24/10/2019 11:26 por Redação

Após dois meses de melhora, confiança do consumidor volta a cair em outubro

Indicador da FGV recuou entre consumidores com menor poder aquisitivo e cresceu entre aqueles renda superior a R$ 4,8 mil

O Índice de Confiança do Consumidor (ICC) da Fundação Getulio Vargas recuou 0,3 ponto em outubro, para 89,4 pontos, após duas altas consecutivas. Em médias móveis trimestrais, o índice manteve-se no terreno positivo, ao subir 0,4 ponto no mês.

“A avaliação sobre a situação da economia no momento atual parece ser dúbia e por isso os indicadores que refletem perspectivas futuras continuam voláteis. As expectativas sobre a situação financeira melhoraram, mas as intenções de compras só se mantiveram mais altas para os consumidores de maior poder aquisitivo”, afirma Viviane Seda Bittencourt, coordenadora das Sondagens do IBRE FGV.

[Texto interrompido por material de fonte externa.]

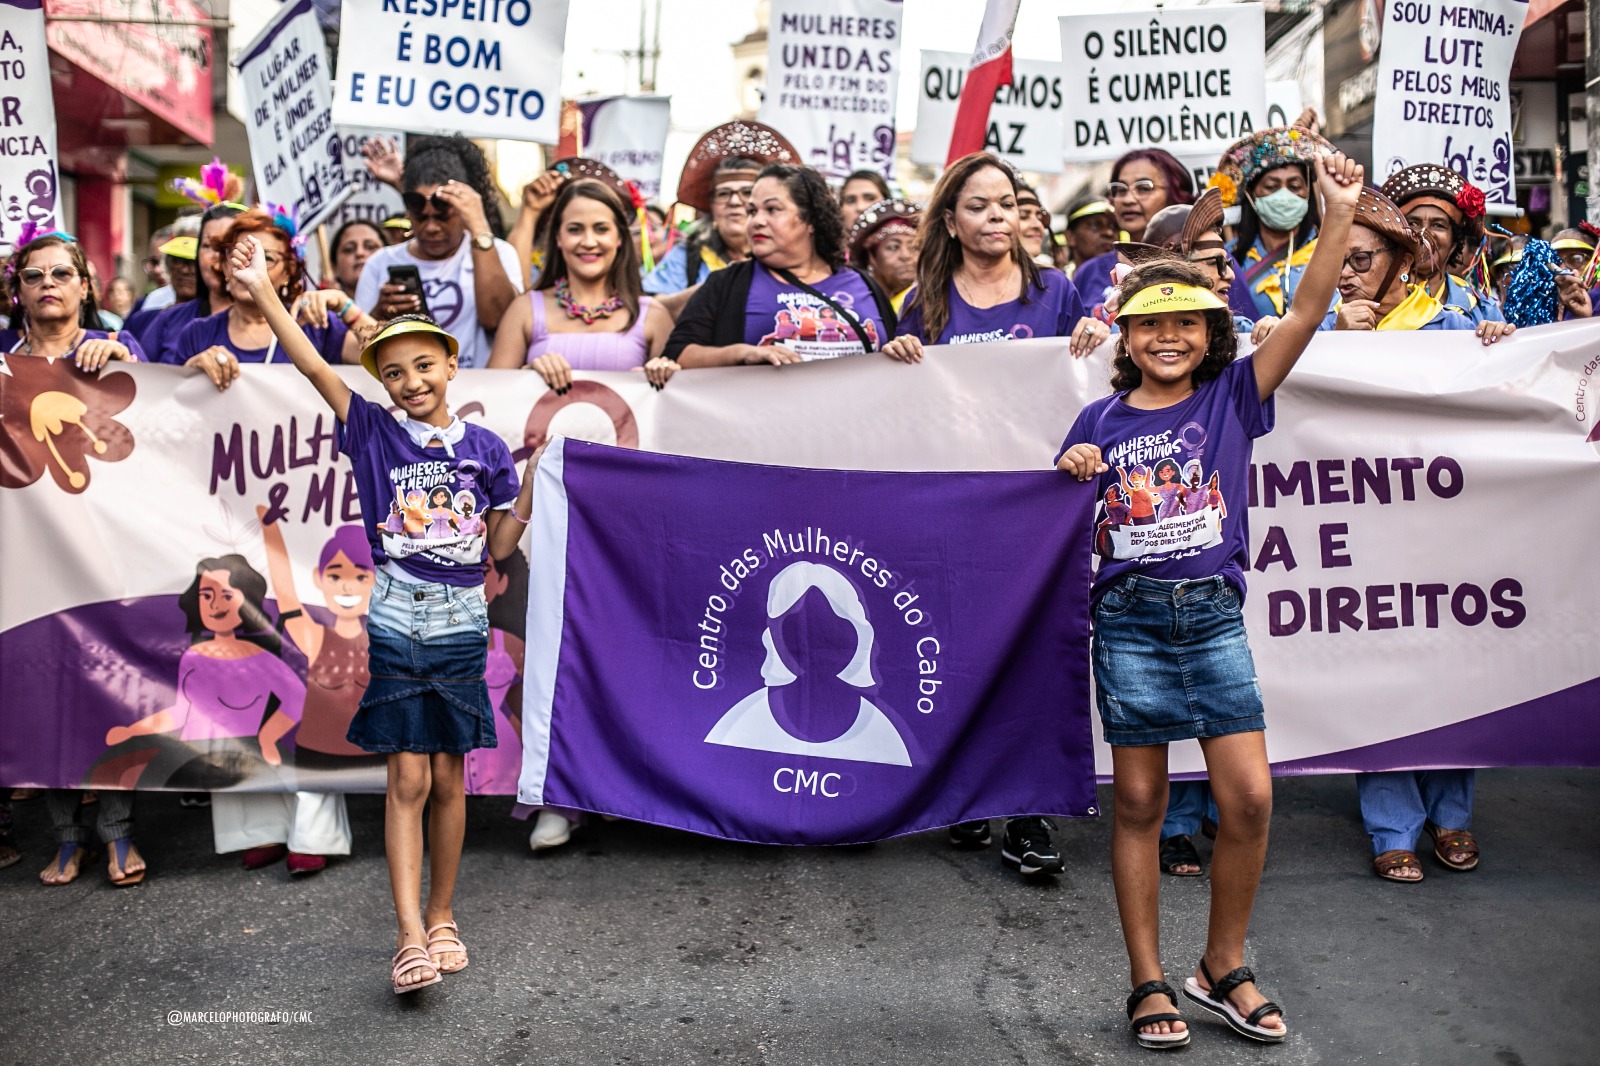 Grupo de mulheres reunidas em caminhada, carregando faixas e cartazes na cor lilás. A frente, duas meninas vestidas com saia, blusa roxa estampada e viseiras, carregando uma faixa com a logo do Centro das Mulheres do Cabo.

“No quarto trimestre, a confiança deve se manter abaixo do patamar neutro, considerando a recuperação ainda lenta do mercado de trabalho, o que daria maior fôlego aos consumidores, e a incerteza elevada”, acrescenta a economista.

Em outubro, a percepção dos consumidores em relação a situação atual se manteve estável e o otimismo em relação aos próximos meses acomodou. O Índice de Situação Atual (ISA) segue com 77,4 pontos enquanto o Índice de Expectativas (IE) reduziu 0,4 ponto, para 98,3 pontos, se mantendo em patamar ainda abaixo do nível neutro de 100 pontos pelo sétimo mês consecutivo.

Entre os quesitos que compõem o ICC, o indicador que mede o grau de otimismo com a situação econômica futura foi o que mais contribuiu para a queda da confiança em outubro após recuar 1,5 ponto, para 114,3 pontos, o menor valor de junho de 2019 (111,9 pontos) mas acima do nível considerado neutro. Em sentido oposto, o indicador que mede a satisfação do consumidor sobre o momento atual da economia avançou 0,8 ponto, para 83,1 pontos, o maior valor desde março de 2019 (83,5).

Quanto à situação financeira das famílias, o indicador que mede a avaliação desse quesito no momento atual diminuiu pela segunda vez seguida, dessa vez de 73,1 pontos em setembro para 72,3 pontos em outubro, enquanto o indicador que mede o otimismo desse quesito em relação aos próximos seis meses subiu 1,7 ponto, para 101,1 pontos, retornando ao patamar acima dos 100 pontos.

A análise por faixas de renda mostra que houve queda da confiança dos consumidores com menor poder aquisitivo (renda familiar mensal até R$ 4,8 mil) e, em contrapartida, aumento da confiança para os consumidores com renda superior a R$ 4,8 mil. A maior contribuição para a queda do ICC no mês vem da renda baixa (até R$ 2,1 mil) cujo índice caiu 1,5 ponto, para 85,6 pontos, devido a piora das expectativas, principalmente em relação à situação econômica nos próximos seis meses. O ICC das famílias com renda alta (acima de R$ 9,6 mil), no entanto, subiu 1,6 ponto, para 94,4 pontos, impulsionado por um crescimento da intenção de compras de bens duráveis pelo segundo mês consecutivo.

A edição de outubro do ICC coletou informações de 1.788 domicílios entre os dias 1º e 21 de outubro.